Long article in this week's NYT Mag on jihadis in Pakistan. Seriously down in the weeds. Charlie is still parsing it, but we'll offer more detailed commentary later in the weekend.
“The religious forces are very divided right now,” I was told by Abdul Hakim Akbari, a childhood friend of Rehman’s and lifelong member of the J.U.I. I met Akbari in Dera Ismail Khan, Rehman’s hometown, which is situated in the North-West Frontier Province. According to this past summer’s U.S. National Intelligence Estimate, approved by all 16 official intelligence agencies, Al Qaeda has regrouped in the Tribal Areas adjoining the province and may be planning an attack on the American homeland. “Everyone is afraid,” Akbari told me. “These mujahedeen don’t respect anyone anymore. They don’t even listen to each other. Maulana Fazlur Rehman is a moderate. He wants dialogue. But the Taliban see him as a hurdle to their ambitions. ”
Rehman doesn’t pretend to be a liberal; he wants to see Pakistan become a truly Islamic state. But the moral vigilantism and the proliferation of Taliban-inspired militias along the border with Afghanistan is not how he saw it happening. The emergence of Taliban-inspired groups in Pakistan has placed immense strain on the country’s Islamist community, a strain that may only increase with the assassination of Bhutto. As the rocket attack on Rehman’s house illustrates, the militant jihadis have even lashed out against the same Islamist parties who have coddled them in the past.
Also, see this outstanding op-ed on Bhutto's assassination by the author of The Last Mughal. It captures the duality of Bhutto's popularity in the West with craven, self-serving policies at home in Pakistan. In the same vein as most of what we've suggested here, only rather better written.
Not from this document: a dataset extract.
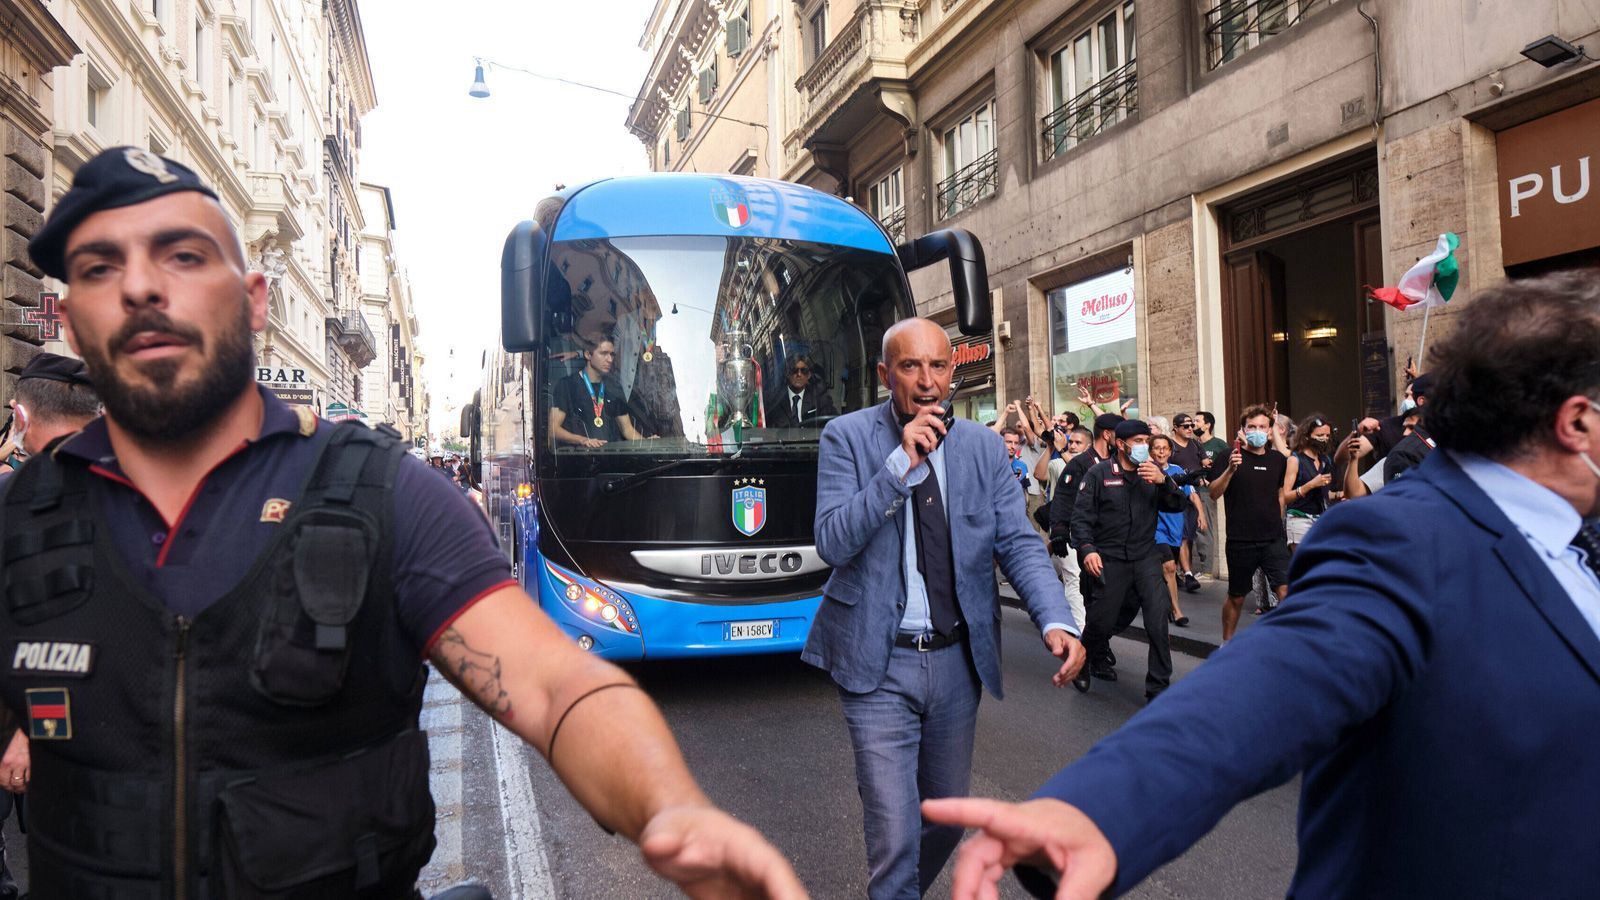 
                <strong>Der Präsident wartet schon</strong><br>
                Der Bus wird von Polizisten und Sicherheitsbeamten durch die Straßen Roms gelotst.

Benazir Bhutto’s death is, of course, a calamity, particularly as she embodied the hopes of so many liberal Pakistanis. But, contrary to the commentary we’ve seen in the last week, she was not comparable to Myanmar’s Daw Aung San Suu Kyi. Ms. Bhutto’s governments were widely criticized by Amnesty International and other groups for their use of death squads and terrible record on deaths in police custody, abductions and torture. As for her democratic bona fides, she had no qualms about banning rallies by opposing political parties while in power.
Within her own party, she declared herself the president for life and controlled all decisions. She rejected her brother Murtaza’s bid to challenge her for its leadership and when he persisted, he was shot dead in highly suspicious circumstances during a police ambush outside the Bhutto family home.
Benazir Bhutto was certainly a brave and secular-minded woman. But the obituaries painting her as dying to save democracy distort history. Instead, she was a natural autocrat who did little for human rights, a calculating politician who was complicit in Pakistan’s becoming the region’s principal jihadi paymaster while she also ramped up an insurgency in Kashmir that has brought two nuclear powers to the brink of war.